バッテリー容量によって1回の充電で走行できる距離が変わってきます。上記の表に標準モードでの走行距離を追加してみます(パナソニックの場合はオートマチックモード)。

パナソニック ヤマハ ブリヂストン
特小 20km(5Ah) 20km(5Ah) 20km(5Ah)
29km(6.6Ah) 30km(6.6Ah) 30km(6.6Ah)
36km(8.9Ah) 39km(8.7Ah) 39km(8.7Ah)
52km(13.2Ah) 58km(12.8Ah) 58km(12.8Ah)

(2014年6月現在のメーカーカタログ値。代表的な機種のデータを掲載。)

この表を見ると、各メーカーともにバッテリー容量が大きくなると走行距離も伸びていることがわかります。
容量の大きなバッテリーを選んだほうがいいように思いますが、その分価格が上がります。このあたりは、実際の使用状況(走行距離)とおさいふとの相談になるかと思います。

バッテリー容量の選び方

バッテリー容量を選ぶにあたっては、電動アシスト自転車にどのように乗るかを事前に明らかにしておくと良いです。
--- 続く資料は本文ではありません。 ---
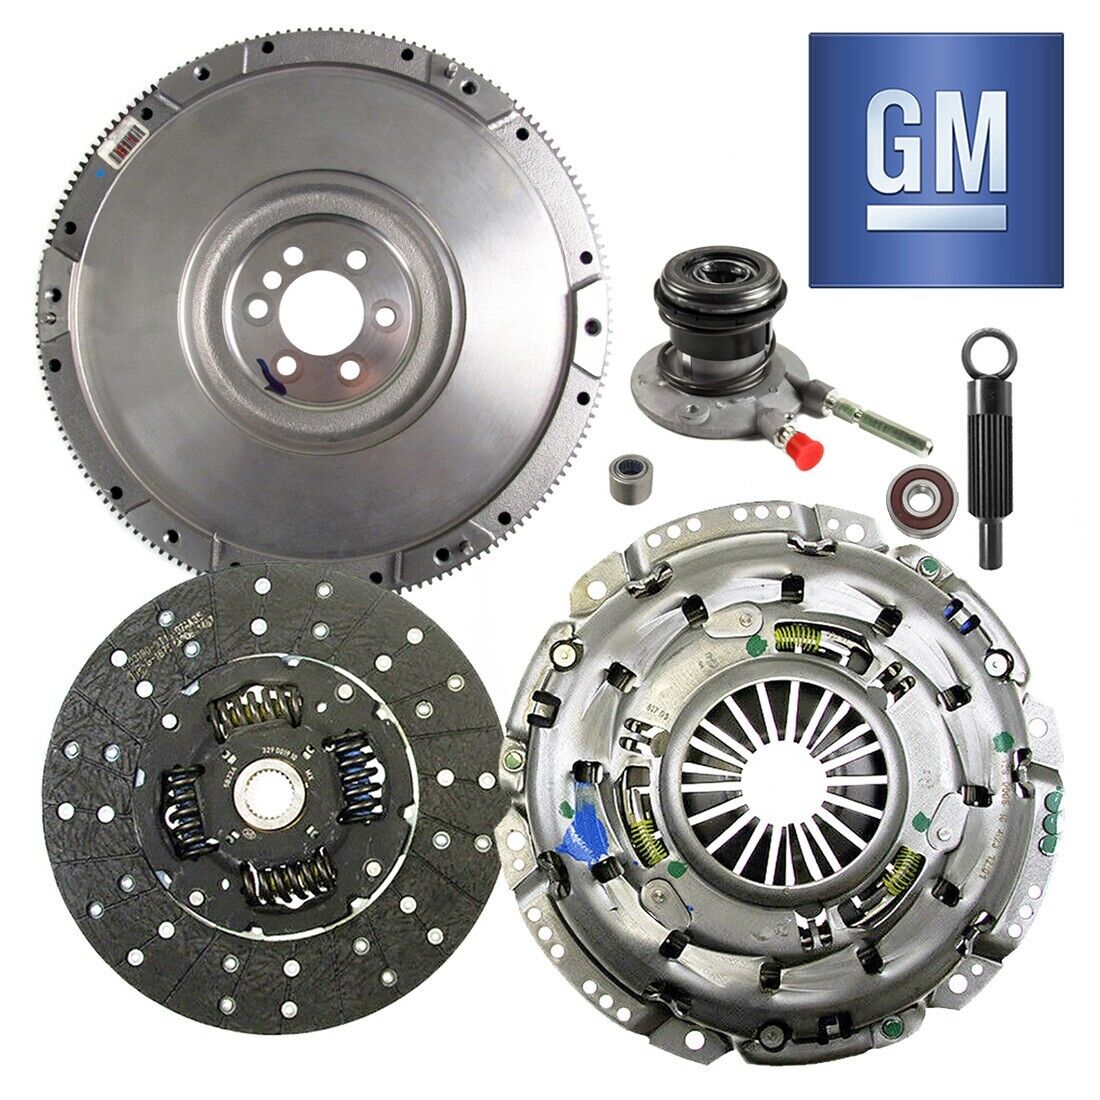 GM OEM LS7 COMPLETE CLUTCH COVER DISC SLAVE FLYWHEEL \'RETRO-FIT\' KIT for GTO LS2

それによってバッテリーの容量が決まってきます。

  • 1日あたりどれくらいの距離を乗るのか→距離が長ければ容量大
  • 坂が多いか少ないか→多ければ容量大(坂が多いとバッテリーの消費が高いため)
  • 荷物や子供を載せる機会はどうか→多ければ容量大(重いとバッテリーの消費が多い)
  • 気温はどうか→寒い地域は容量大(気温が低いとバッテリーの能力が低下します。特に5度以下は大幅に低下します。)

などです。
電動アシスト自転車の走行距離を測定する場合、上り坂や下り坂を含む一定の条件で測定を行っています。この条件より坂が厳しい場合は走行距離が短くなります。

そして注意すべき点が一つあります。バッテリーの容量は使用頻度と使用年数によって減少していきます。たくさん使えば使うほど、長期間使えば使うほど電気を蓄えておくことのできる容量は減っていきます。
2014年のカタログでは、3大メーカーでは、700~900回の充電で容量が約半分になるとしています。充電が半分になると走行距離も半分になると考えられます。このため、この容量減少を見越してバッテリーを選ぶ必要があります。安いからといって容量の小さいバッテリーを選ぶと、充電回数が多くなり容量の減りも早くなります。スペアのバッテリーを購入すればよいですが、もしかしたら大容量のバッテリーを使い続けた方が安くなったかもしれません。
また、気温が低いとバッテリーの能力は低下します。特に5度を下回ると顕著になります。寒冷地や気温の下がる夜間から早朝にかけて利用する場合は、大容量バッテリーを選ぶといいでしょう。
まとめですが、充電頻度や使用条件によって異なるので一概には言えませんが、もし予算に余裕があるなら、少し余裕を持った容量を選ぶことをおすすめします。